The “management strategy” is a well-calculated move by the Obama Administration. It is apathetic, parsimonious, palliative to the minimum, just enough to maintain the stasis and yet appear to be engaging in order to re-establish its leadership. The US is not fearful of North Korea’s nuclear capability; its real fear is North Korea’s asymmetrical capabilities and that too in a strictly regional context, to which South Korea has responded by making substantial changes in its military structures.7 North Korea is also being seriously engaged by China and Russia. The US has so far not shown any inclination for revisiting its “principled stand” on North Korea’s Complete, Verifiable, and Irreversible Denuclearization (CVID). As far as the US unease over North Korea’s demands for concessions is concerned, the US in fact might find itself becoming irrelevant in view of growing Chinese and Russian engagement with North Korea.

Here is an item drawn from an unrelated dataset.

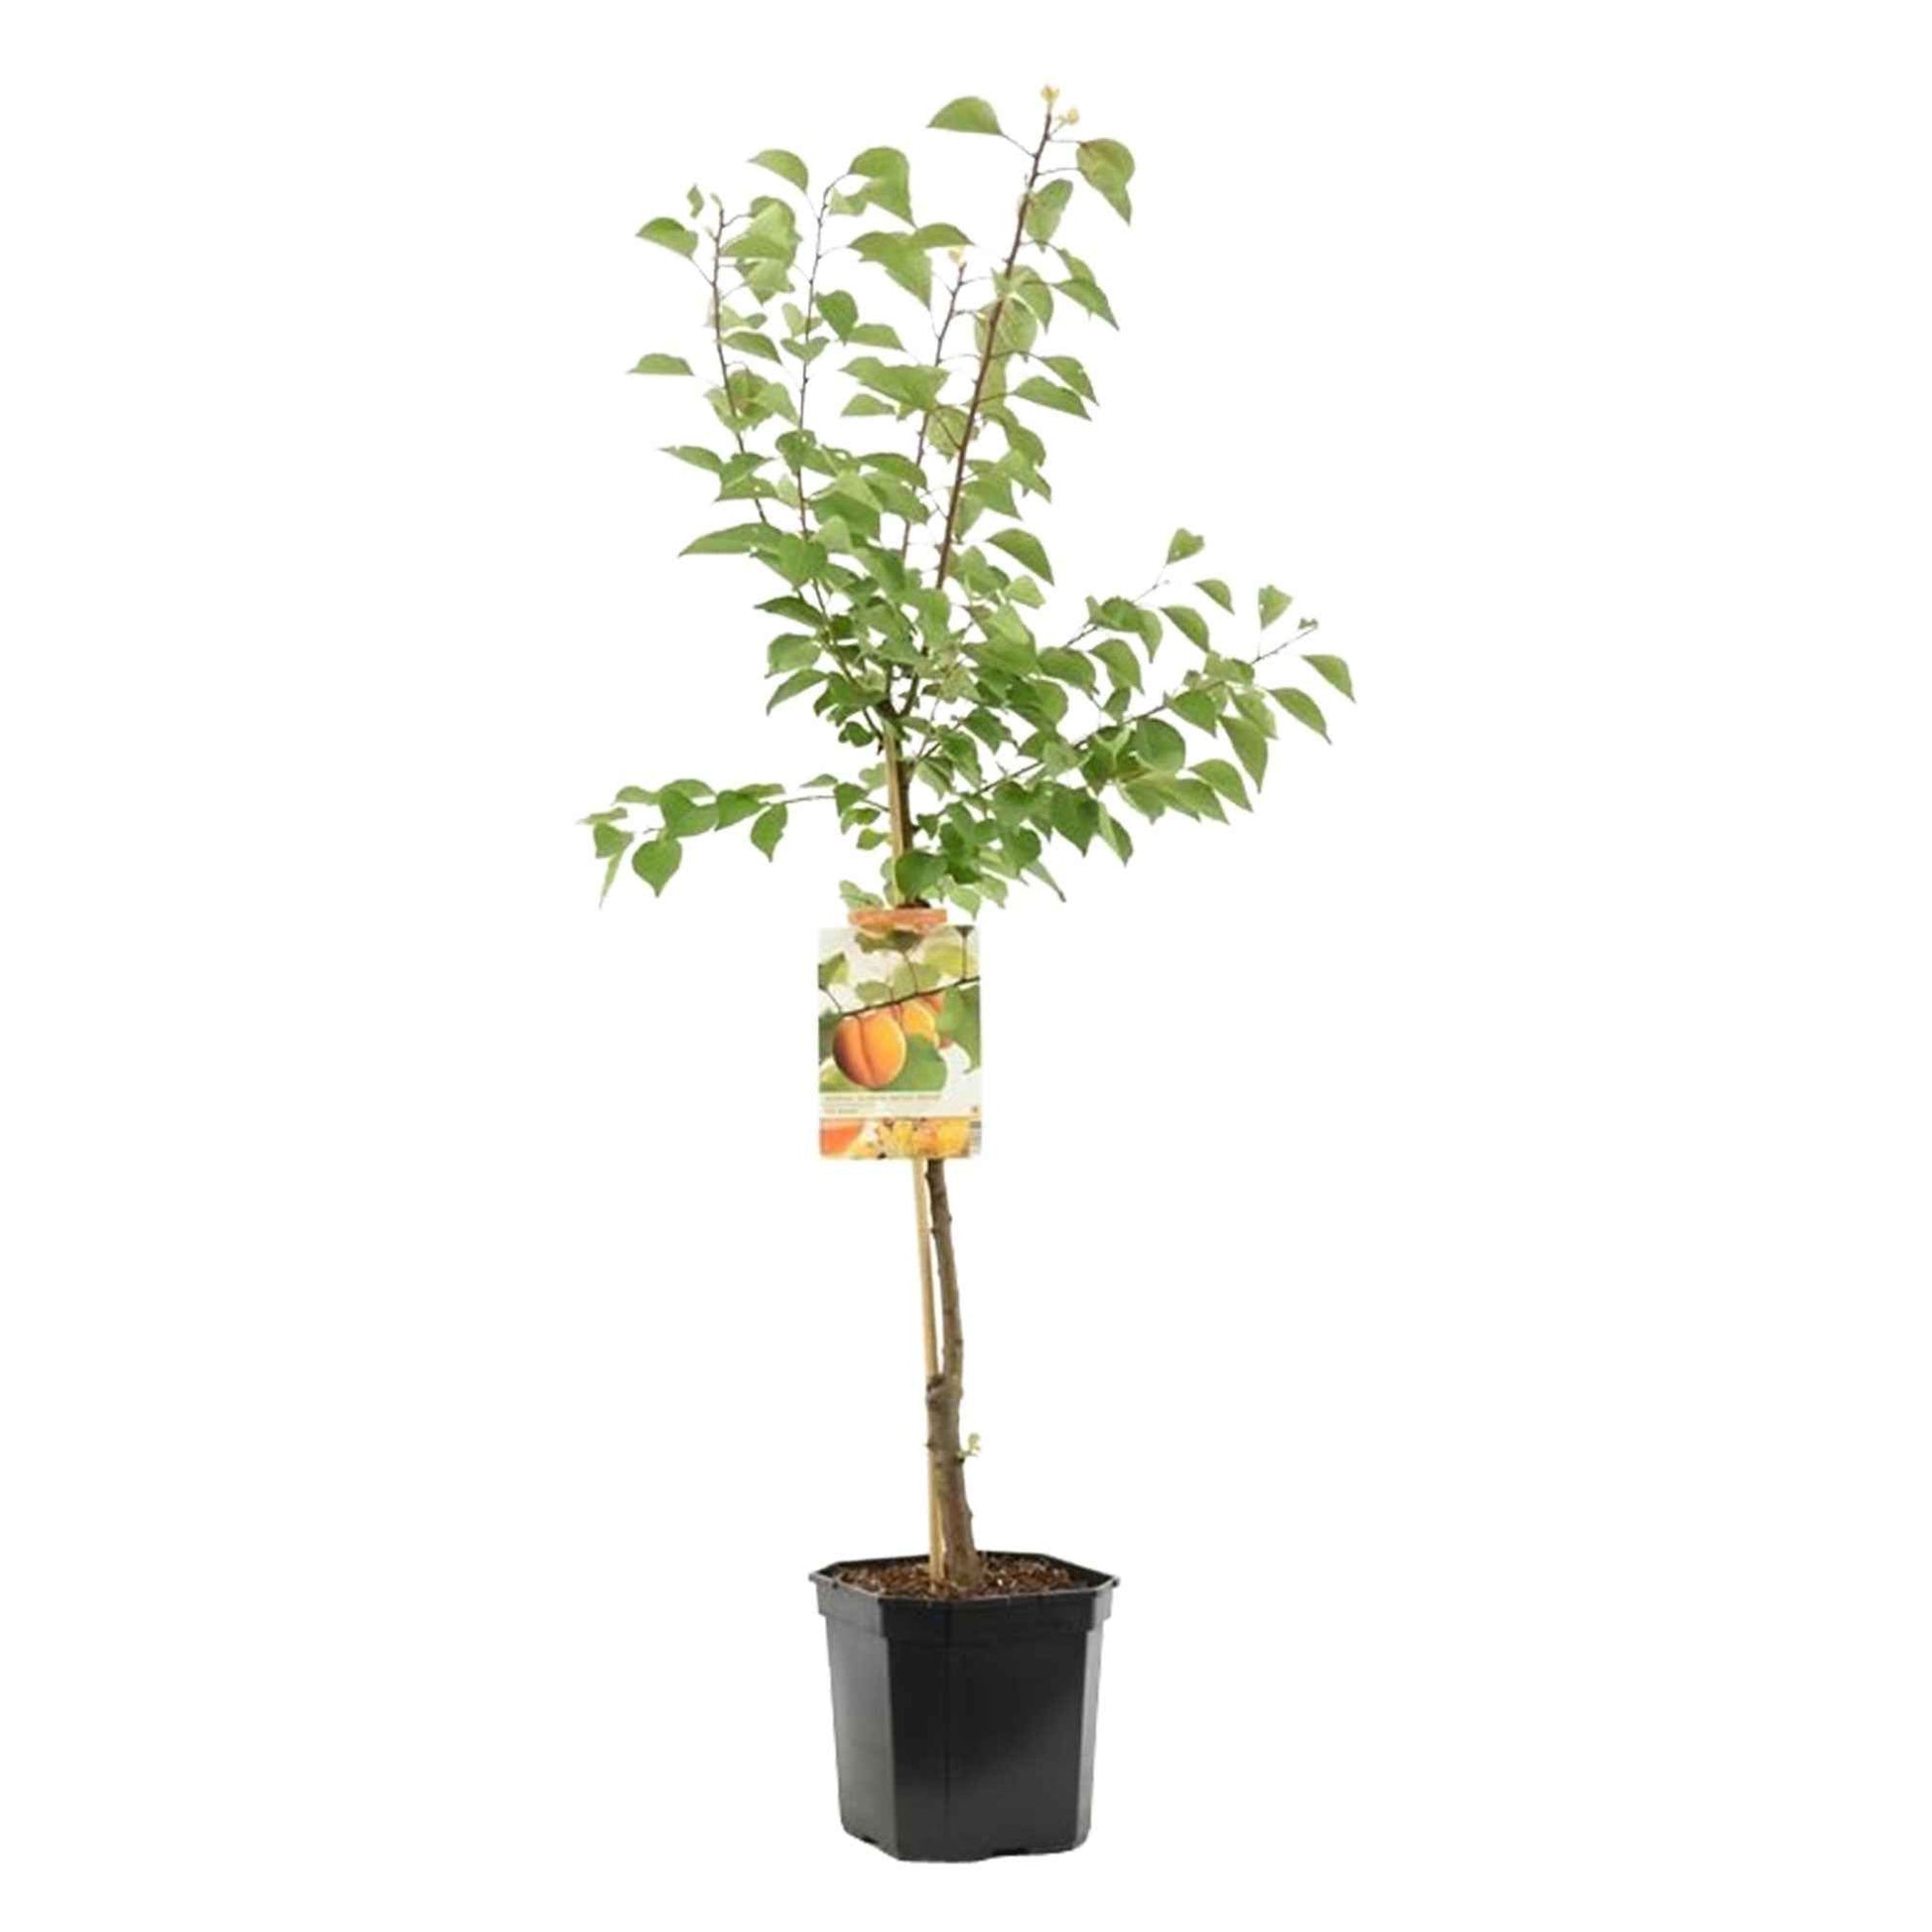 Aprikosenbaum - Winterhart - Gartenpflanzen

How far the US would be ready to depart from its “principled stand” of pre-conditionality would reflect the quotient of how serious it considers North Korea’s nuclear capability to be a threat. The fact that the US deems focused and direct talks with North Korea as necessary before resuming the SPT shows that it does not consider the present nuclear predicament in the Korean Peninsula as particularly disturbing, especially when generating fear is critical to strengthening the credibility of its alliances with South Korea and Japan. Nevertheless, the piece-meal approach deserves some appreciation and not outright cynicism.